Он ушел от жены, милой и славной женщины, которую не любил. Как и многие его братья по оружию, Мардер женился после войны, стремясь к нормальной жизни, надеясь укрыться в теплых человеческих объятиях от того, что произошло с ним во Вьетнаме. Дженис Серебик; спустя тридцать с лишним лет он с трудом мог вспомнить ее лицо. Но даже и в тот день, на той узкой кровати, чувство вины успело уже вымыть ее образ и голос из памяти. Она была кассиром в ресторанчике, где Мардер работал поваром до службы в армии и куда вернулся после, – студенческой забегаловке на Амстердам-авеню, рядом с университетом. Его снедала неописуемая тоска, а Дженис, веселая пухляшка, не уставала его смешить и в конце концов ввела, словно поврежденное судно, в сухой док супружества. С интересом к жизни Мардер распрощался еще там, в дождливых горах, и что бы ни случалось потом, чего бы ни хотели от него окружающие, его устраивало абсолютно все, потому что теперь он знал, к чему приводят решения, желания и волонтерство: ни к чему хорошему.

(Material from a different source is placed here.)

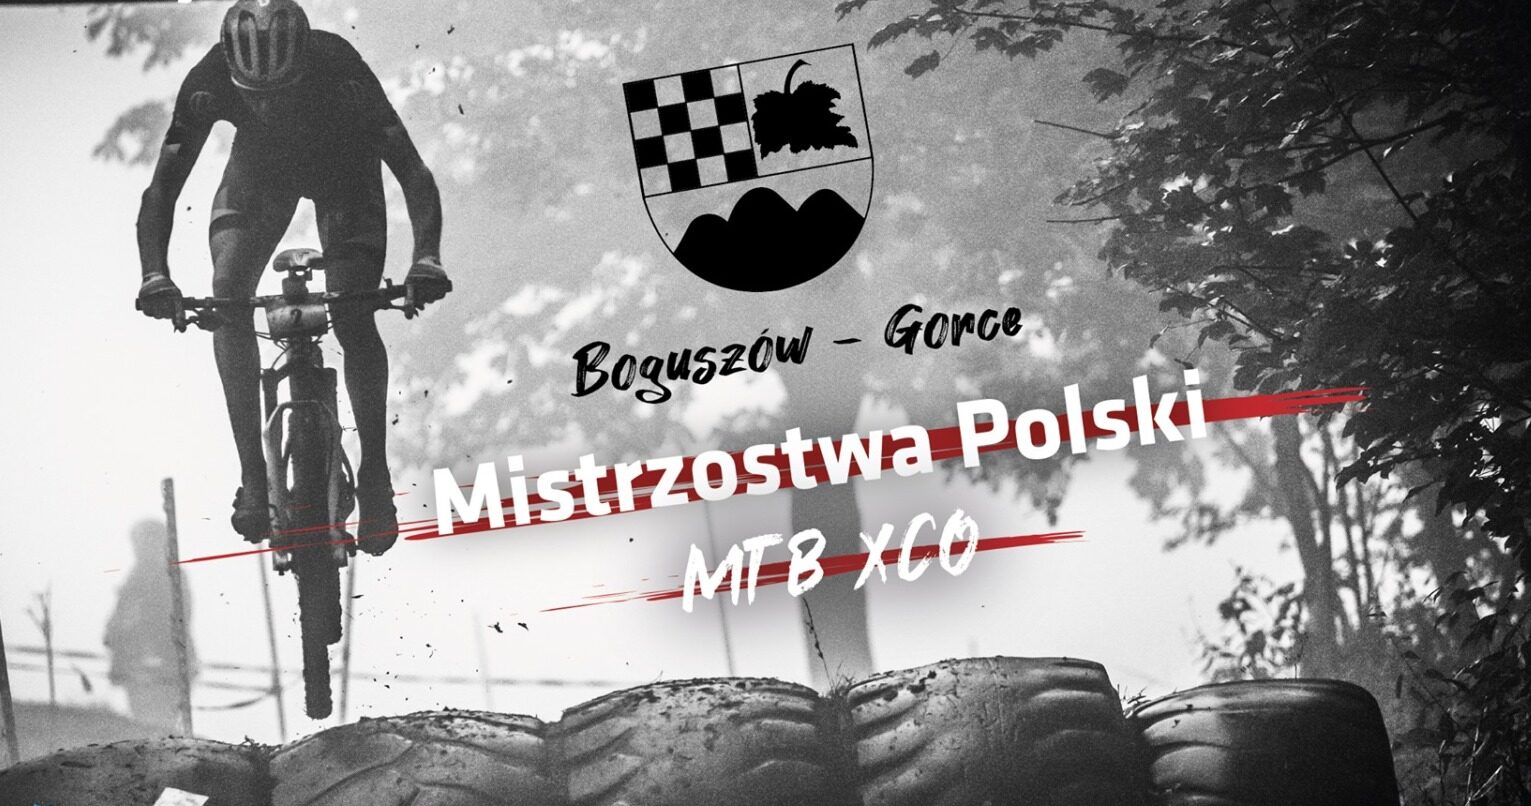 MP XCR 2021, Boguszów-Gorce – KS Luboń Skomielna Biała najlepszą sztafetą!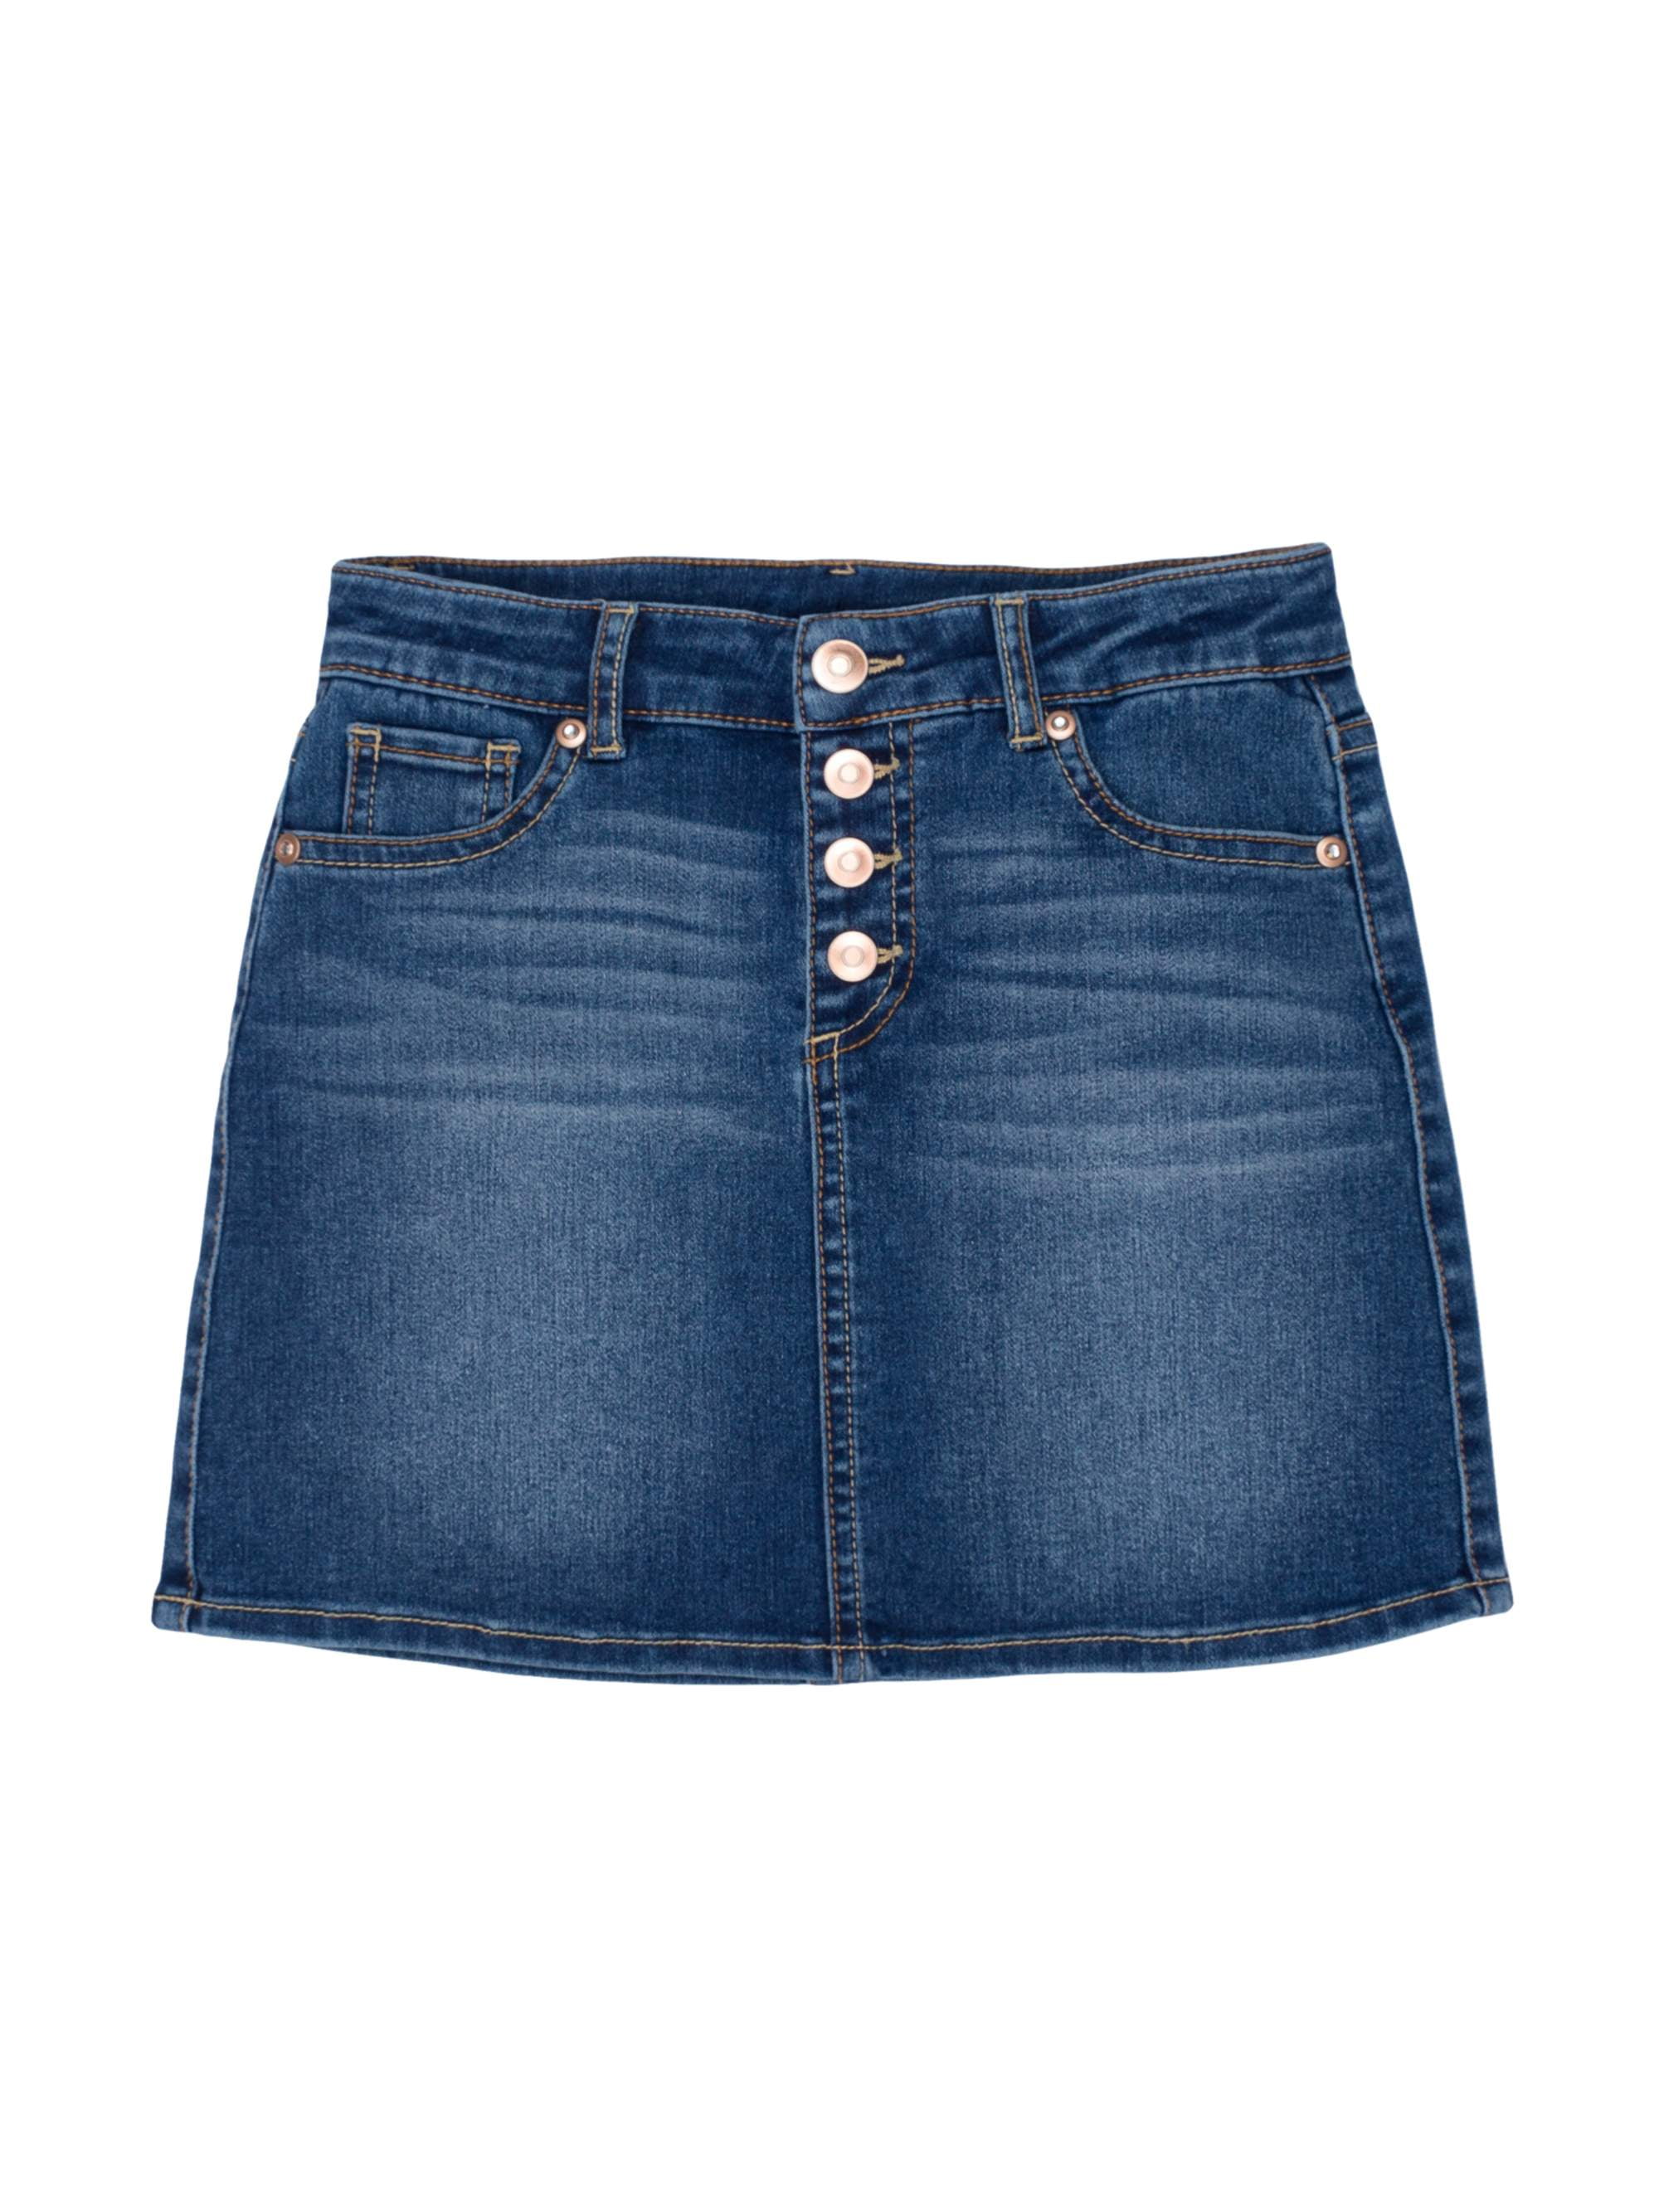 Button Front Denim Skirt (Little Girls

Его родителям она понравилась – уже большой плюс. Отец Мардера как раз начал чудить, но ее это не отпугнуло. Она была хорошим человеком, только вот он ее не любил; и когда до Мардера дошло, что теперь всю жизнь придется изображать привязанность к супруге, у него слегка помутился разум. Как-то в пятницу, получив зарплатный чек, Мардер обналичил его, оседлал свой «Харлей» и, не вполне осознавая, что делает, проехал мимо дома на 20-й, где на втором этаже находилась их квартирка, с Бродвея ушел на Канал-стрит, оттуда нырнул в тоннель Холланда, а потом было много извилистых дорог и удивительных приключений. Понемногу к нему возвращалось мужество, а душевное оцепенение уходило, и вот наконец он набрался храбрости, чтобы связаться с матерью и рассказать ей обо всем. А затем позвонил Дженис и мужественно выслушал поток рыданий, криков и проклятий из трубки, стоя с полной пригоршней четвертаков под желтым светом ламп на заправочной станции где-то в центральном Техасе, недалеко от залива.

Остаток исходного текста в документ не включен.